§ SUPPLIED MATERIAL

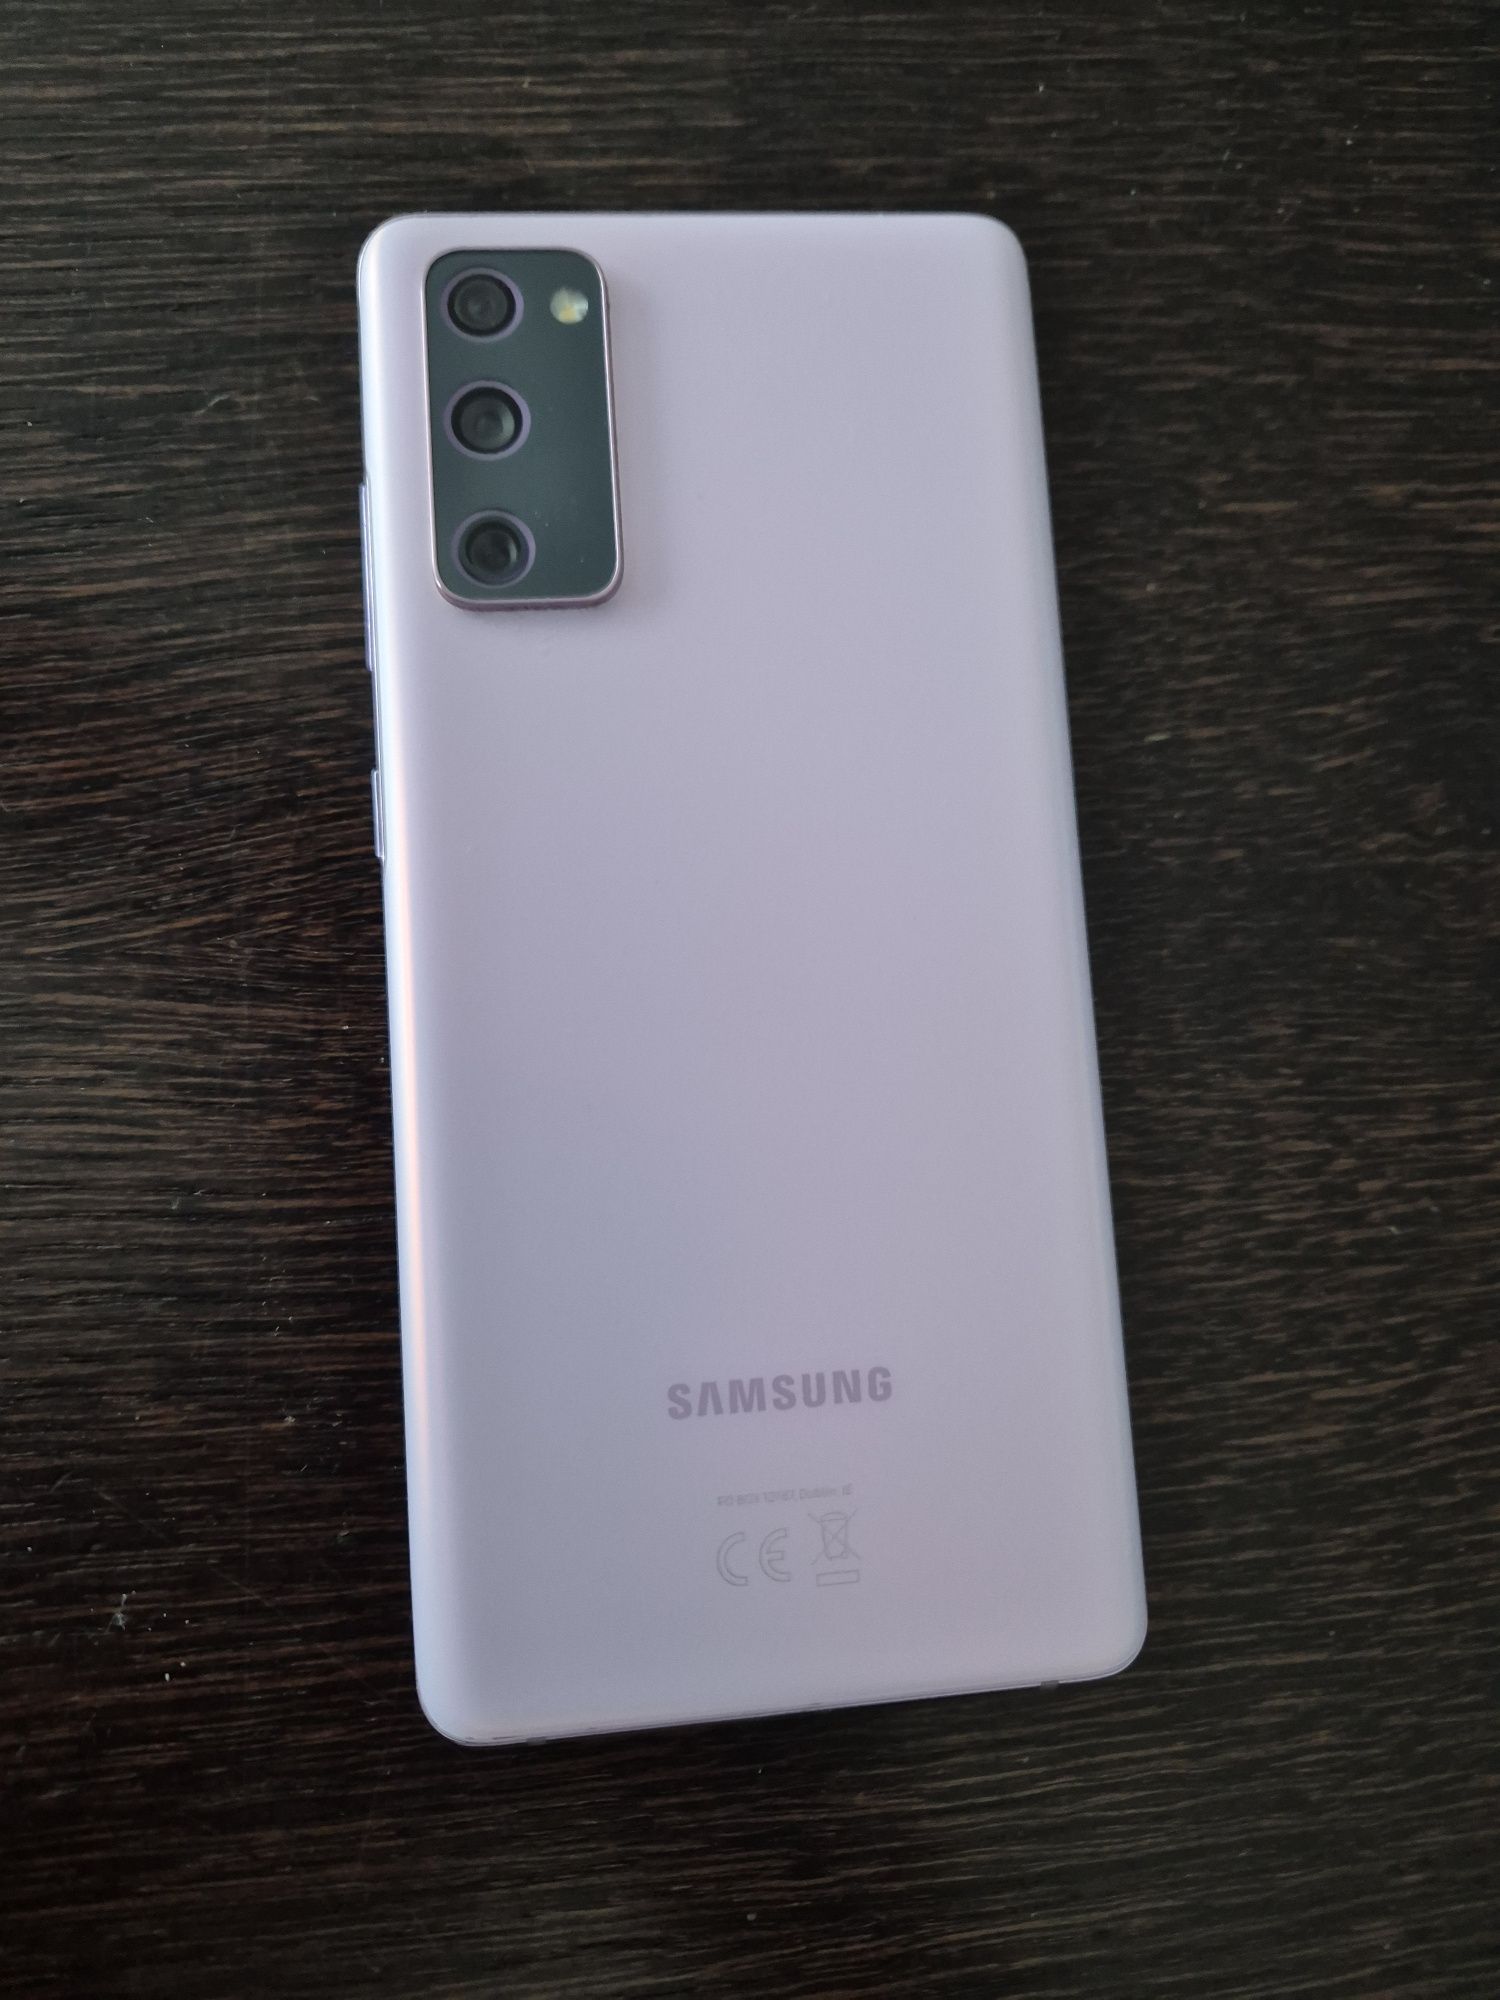 Samsung galaxy s20 fe 128 GB gwarancja
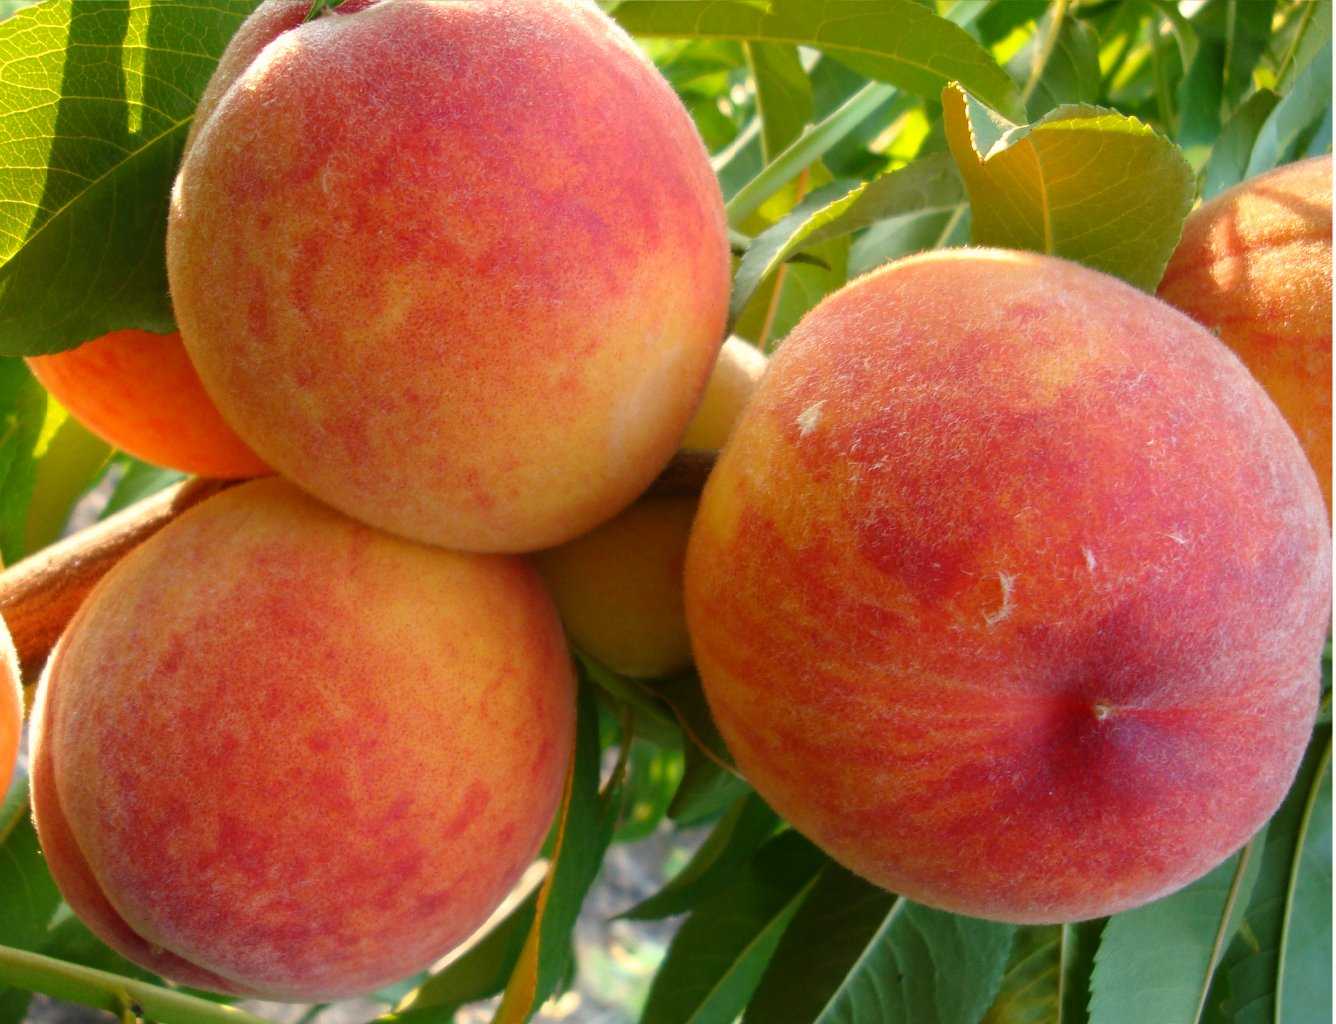 Краткая характеристика и описание разных сортов персиков, которые выращиваются на юге страны и в Подмосковье. Сроки созревания распространенных видов и сортов культуры.
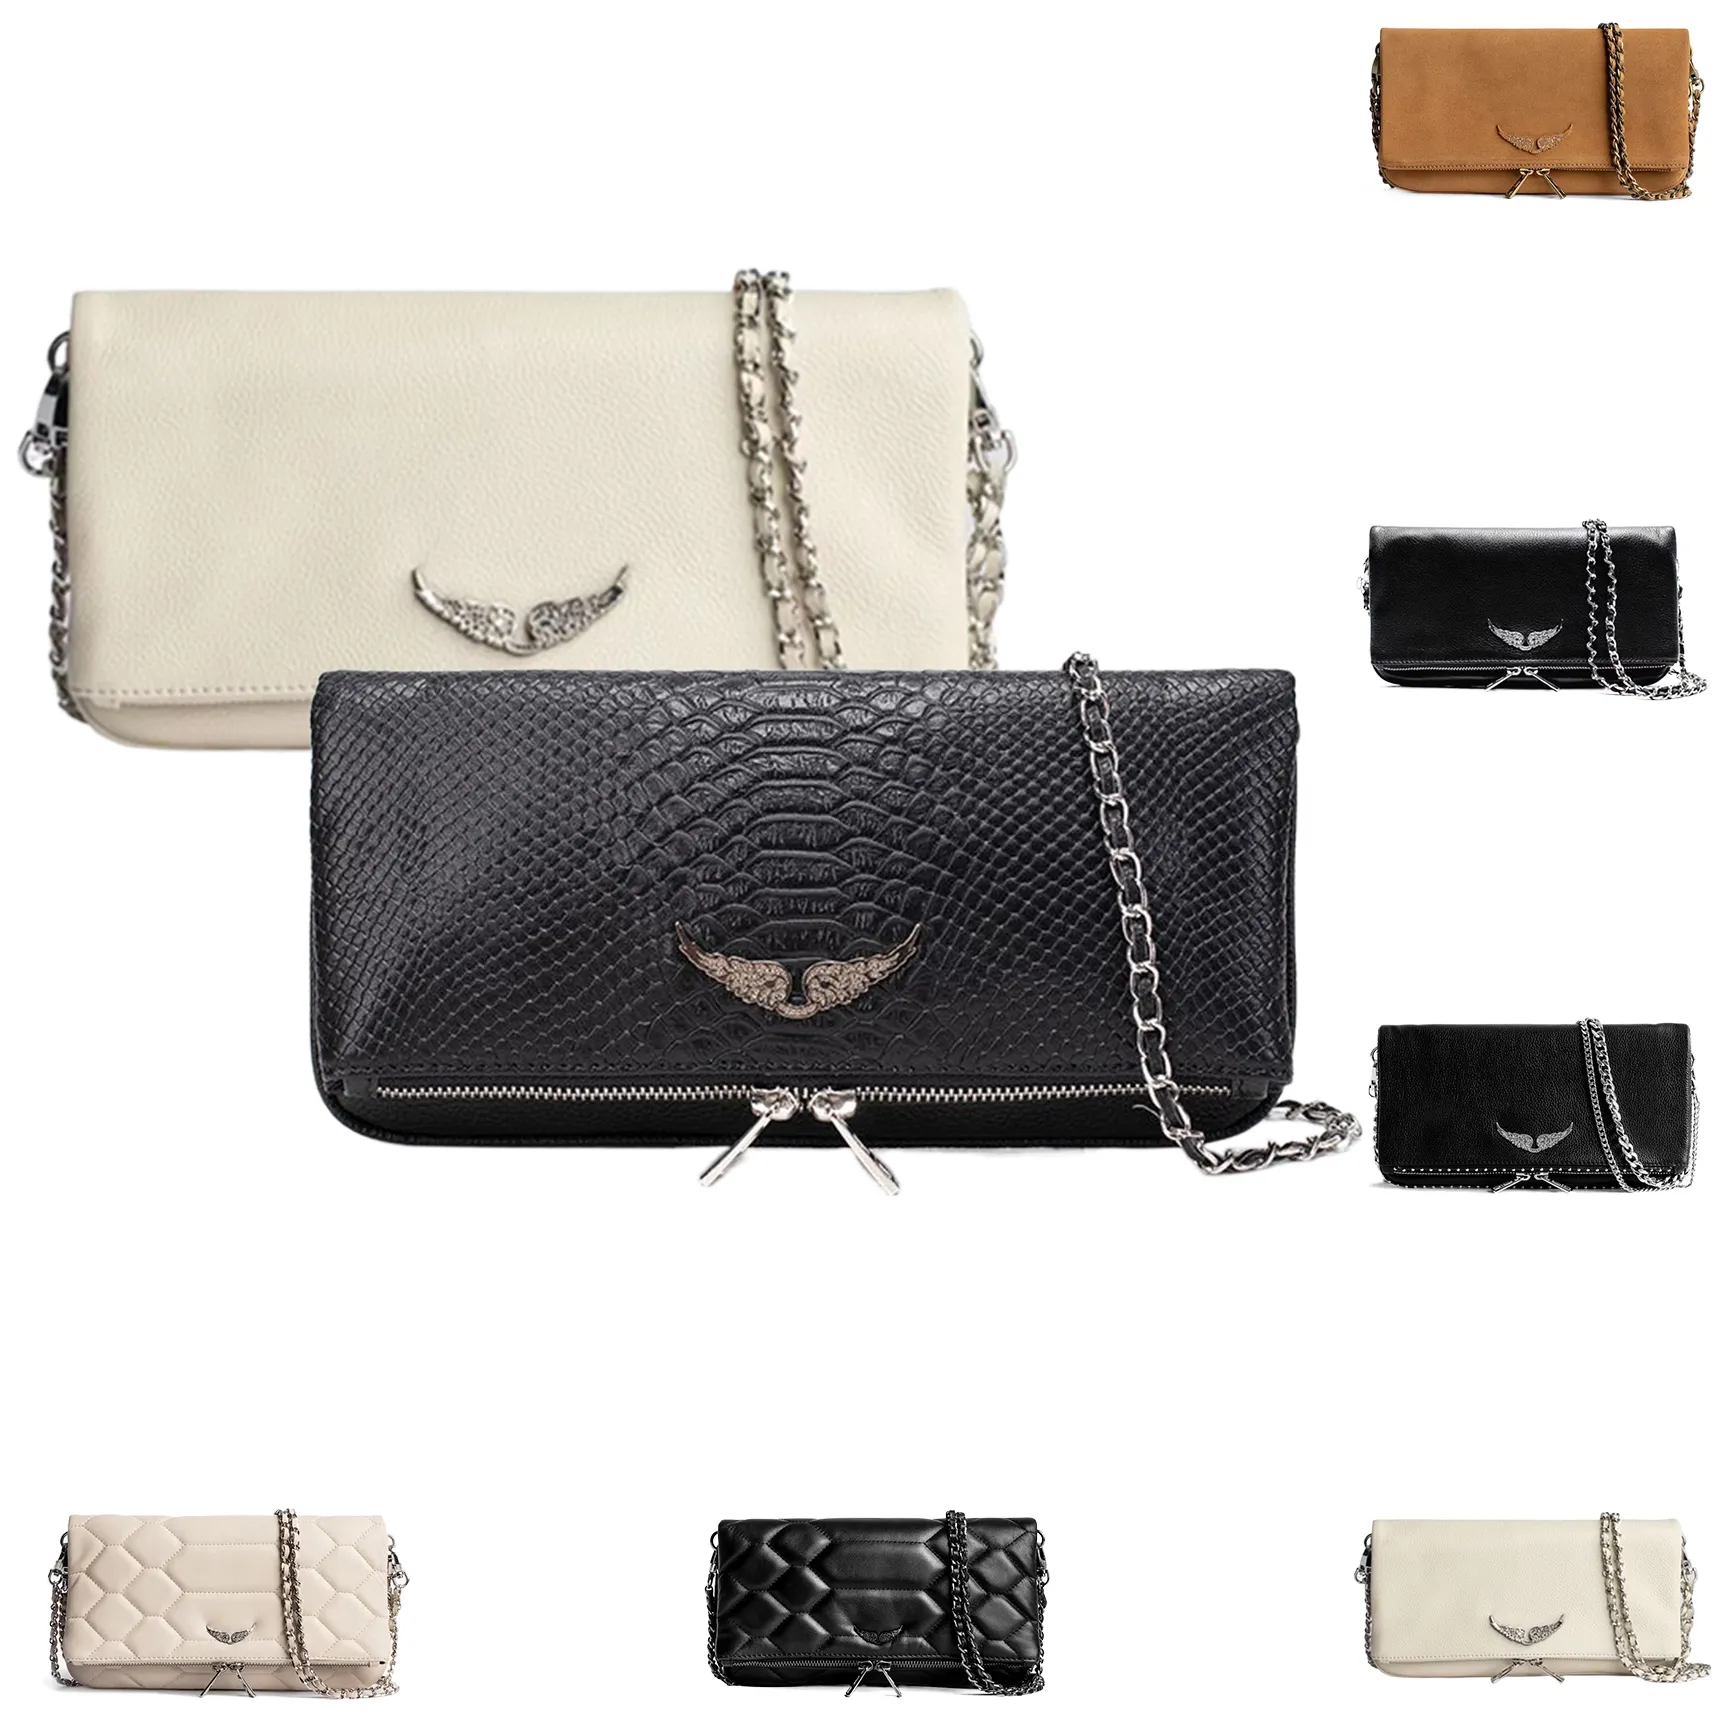 Kadın Pochette Rock Swing Swing kanatları zadig voltaire çanta erkek cüzdan tote çanta omuz tasarımcısı zarf çantası orijinal deri de debriyaj flip çapraz vücut çantaları

§ YOUR INSTRUCTIONS
Return the listing above unchanged, apart from dropping its pictures.

§ REPLY
 Samsung galaxy s20 fe 128 GB gwarancja
 Краткая характеристика и описание разных сортов персиков, которые выращиваются на юге страны и в Подмосковье. Сроки созревания распространенных видов и сортов культуры.
 Kadın Pochette Rock Swing Swing kanatları zadig voltaire çanta erkek cüzdan tote çanta omuz tasarımcısı zarf çantası orijinal deri de debriyaj flip çapraz vücut çantaları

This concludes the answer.